There is a proof that uses Complex Analysis which is really quite elegant. It does depend on knowing that linear space of ordinary polynomials $\mathcal{P}$ is dense in $L^{2}[0,1]$, but you seem to know that fact. The proof is carried out by assuming that
$f \in L^{2}[0,1]$ satisfies
$$
\int_{0}^{1}f(t)e^{-2\pi int}\,dt = 0,\;\;\; n=0,\pm 1,\pm 2,\cdots, \;\;\;\; (1)
$$
and showing that
$$
\int_{0}^{1}f(t)t^{n}\,dt = 0,\;\;\; n =0,1,2,3,\cdots. \;\;\;\; (2)
$$
Then, because the polynomials are assumed to be dense in $L^{2}[0,1]$, it follows that $f=0$ a.e., from which one concludes that $\{ e^{2\pi in t}\}_{n=-\infty}^{\infty}$ is a complete orthonormal subset of $L^{2}[0,1]$.

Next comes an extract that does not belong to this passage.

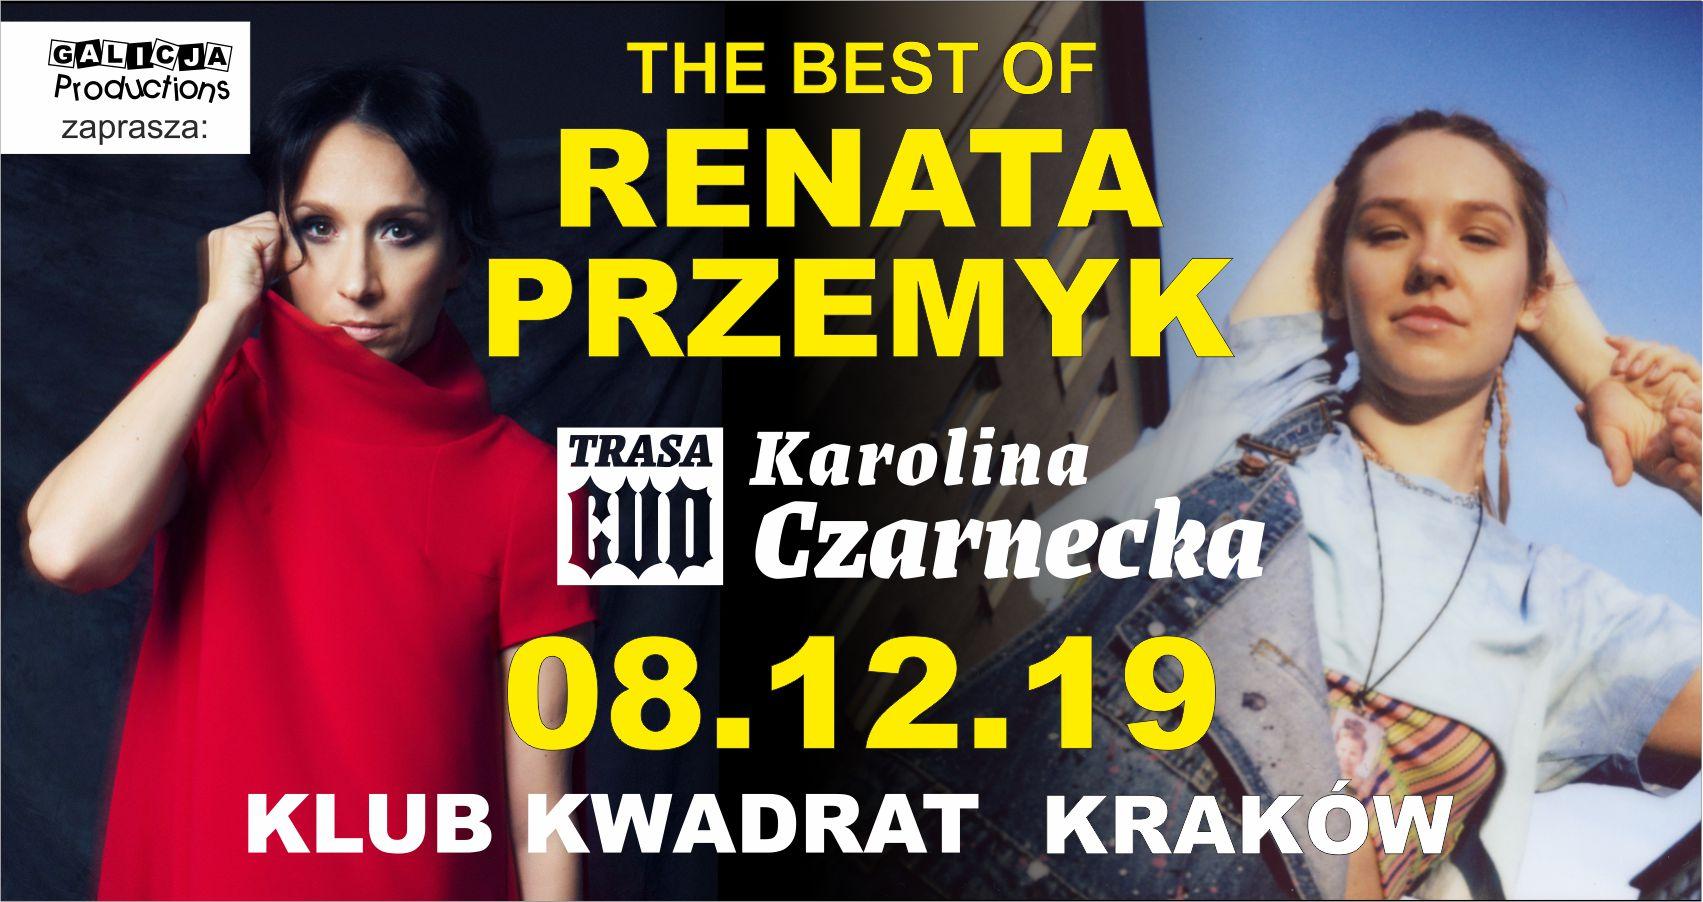 Renata Przemyk, Karolina Czarnecka

So, assume $f \in L^{2}[0,1]$ satisfies (1) for all integers $n$. Define a function
$$
F(\lambda)=\frac{1}{e^{2\pi i\lambda}-1}\int_{0}^{1}e^{2\pi i\lambda t}f(t)\,dt.
$$
The function $F$ is holomorphic on $\mathbb{C}\setminus\mathbb{Z}$, with removable singularities at every $n \in \mathbb{Z}$. So $F$ extends to an entire function of $\lambda$. Furthermore, $F$ is uniformly bounded on all closed square contours $S_{n}$ formed by connecting $(n+1/2)(1+i)$, $(n+1/2)(-1+i)$, $(n+1/2)(-1-i)$, $(n+1/2)(1-i)$. And, for $\lambda \in \mathbb{C}$ with $|\lambda| < N$,
$$
F(\lambda)=\frac{1}{2\pi i}\oint_{S_{n}}\frac{F(z)}{z-\lambda}\,dz,\;\;\; n \ge N.
$$
It follows that $F$ is uniformly bounded on $\mathbb{C}$. So, by Liouville's Theorem, $F$ is a constant $C$, which is to say
$$
\int_{0}^{1}e^{2\pi i\lambda t} f(t)\,dt = C(e^{2\pi i\lambda}-1),\;\;\; \lambda \in \mathbb{C}.
$$
The constant $C$ must be $0$ because the left side tends to $0$ as $\lambda$ tends to $\infty$ along the positive imaginary axis. So,
$$
H(\lambda)=\int_{0}^{1}e^{2\pi i\lambda t}f(t)\,dt \equiv 0.
$$
All derivatives of $H$ are also $0$, and, hence,
$$
\int_{0}^{1}t^{n}f(t)\,dt =0,\;\;\; n=0,1,2,3,\cdots.
$$
Therefore $f=0$ because, by assumption, the linear subspace of polynomials $\mathcal{P}$ is dense in $L^{2}$. So, $\{ e^{2\pi int}\}_{n=-\infty}^{\infty}$ is a complete orthonormal subset of $L^{2}$.